UD, curious to hear how you feel about bankers making more money again. I think 2010 bonuses won't be great but better than 09, and 2011 bonuses will be good again. You don't see apt. values rising again?
Looking at the experience of San Francisco and environs, where the correction is clearly further along than NYC, may be a pretty good road map of what to expect in NYC.
Here are some interesting numbers (Case-Shiller) for SF that illustrates the bifurcation (higher vs. lower price points):
"According to the Index, single-family home values for the bottom third of the market in the San Francisco MSA have retreated to August 2000 levels having fallen 58% from a peak in August 2006, the middle third has returned to May 2002 levels having fallen 39% from a peak in May 2006, and the top third has fallen to February 2004 levels having fallen 25% from a peak in August 2007."
What is interesting is that the bottom third of the market is at 2000 pricing having peaked first in 8/06. The top third is only at 2004 levels having peaked a year later in 8/07. Upper end peaked later and is correcting later... but it will.
Looks like 2000 or earlier pricing is in the cards for the market in SF and probably the country as a whole. Clearly, SF (the city) falls into the top third and so has seen correction, but not as much. It is all not terribly surprising, the more expensive houses are bought by people with more resources to weather the storm, but with decline in stock portfolios and job losses, the correction at the upper end is only a matter of time.
I do not know if the same data is available for the NYC market.

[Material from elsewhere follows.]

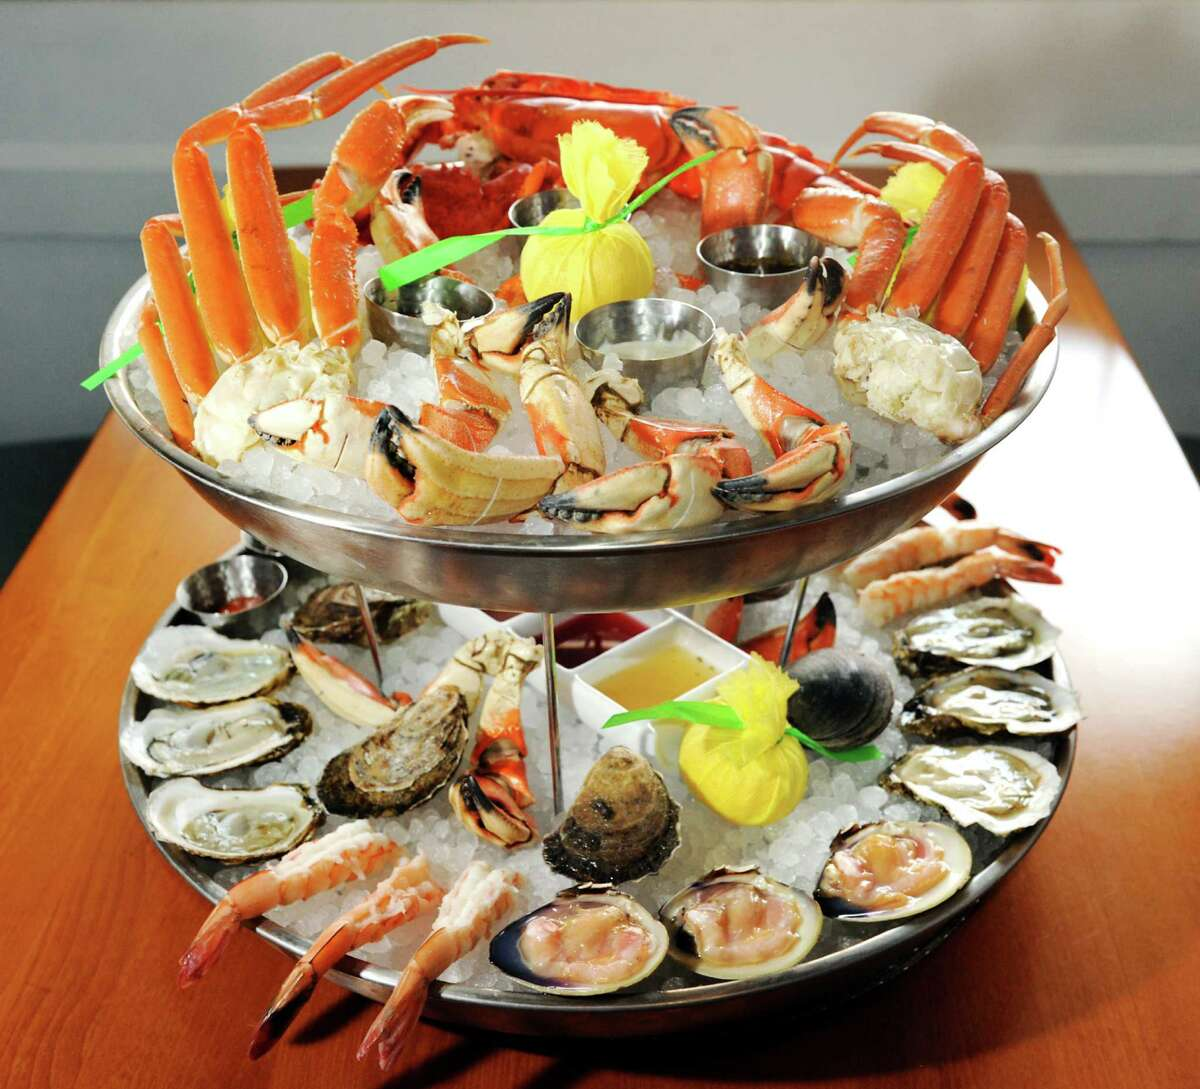 3. Reel Seafood, 195 Wolf Rd., Colonie.

UD, i agree that the pace is rather breathtaking. My only question is whether or not the highly-paid employees in the financial world (and to a slightly lesser extent, other professions such as law) are going to see compensation cuts. Many apartments were purchased, both coop and condo, where there would be no way for the purchaser to continue meeting obligations based on salary alone.

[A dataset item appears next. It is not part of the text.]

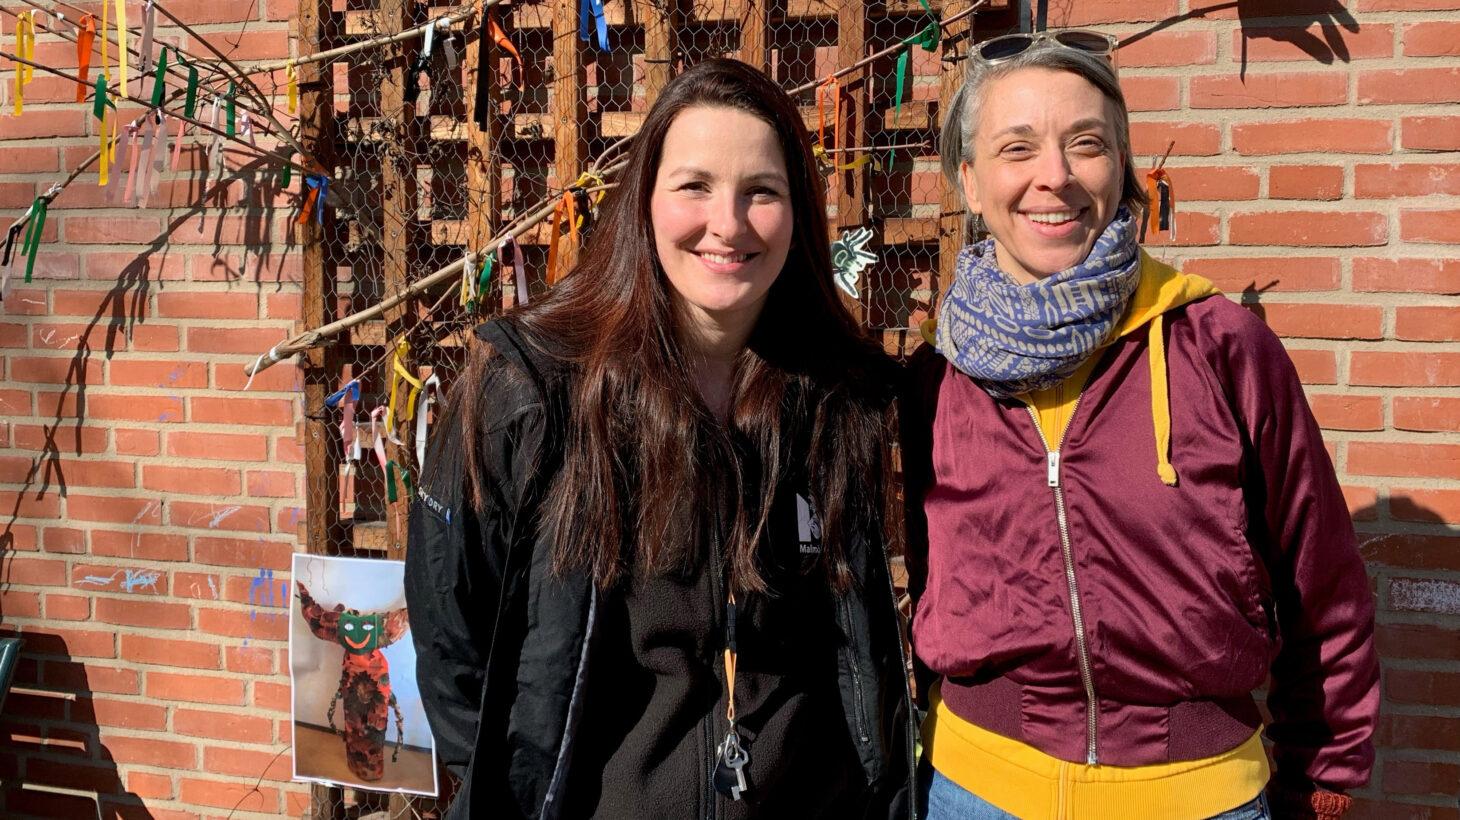 Porträttbild på Stella Baric och Tove Liljekvist utomhus.

If the employment situation becomes worse, i believe you'll see some highly leveraged people unable to pay their monthly bills. This year's bonuses weren't that bad. Add lower bonuses to unemployment severance running out and 2Q next year could be colorful. Also, I've posted this elsewhere, but the legal industry is currently in a fairly bad world of pain. Many attorneys, not as well compensated as the financial types, really did stretch to purchase. Impossible to know with any accuracy, but from what I hear, if it doesn't turn around soon i think we may have a second (or continuing) wave down.
sure there may be some bonuses, but what will they be spent on? Will bids come in for all the inventory out there? What about those that bought expensive properties in 2005-2006-2007-2008 with bonuses but now see their property value declining and job security not as strong? We cant forget the effect it has when someone's home is now lower than where they bought it OR if whatever equity is left and viewed as nest egg, wants to be salvaged.
prices rose a heck of a lot (150-200% in last 10 years?) because of a combination of forces that are no longer in place, and I dont see those forces coming back anytime soon. you? We are 1 year into our adjustment, with bulk occuring in past 6-7 months when Lehman failed and bids disappeared. What if bids stay away longer? I certainly dont see much action out there and I am putting in bids for clients.
We are yet to see who is going to enter this market and be willing to pay a premium on top of past sales. For now, I see sellers unwilling to accept that prices may be down 20-25%. What if prices fall more? What will they do if they must sell?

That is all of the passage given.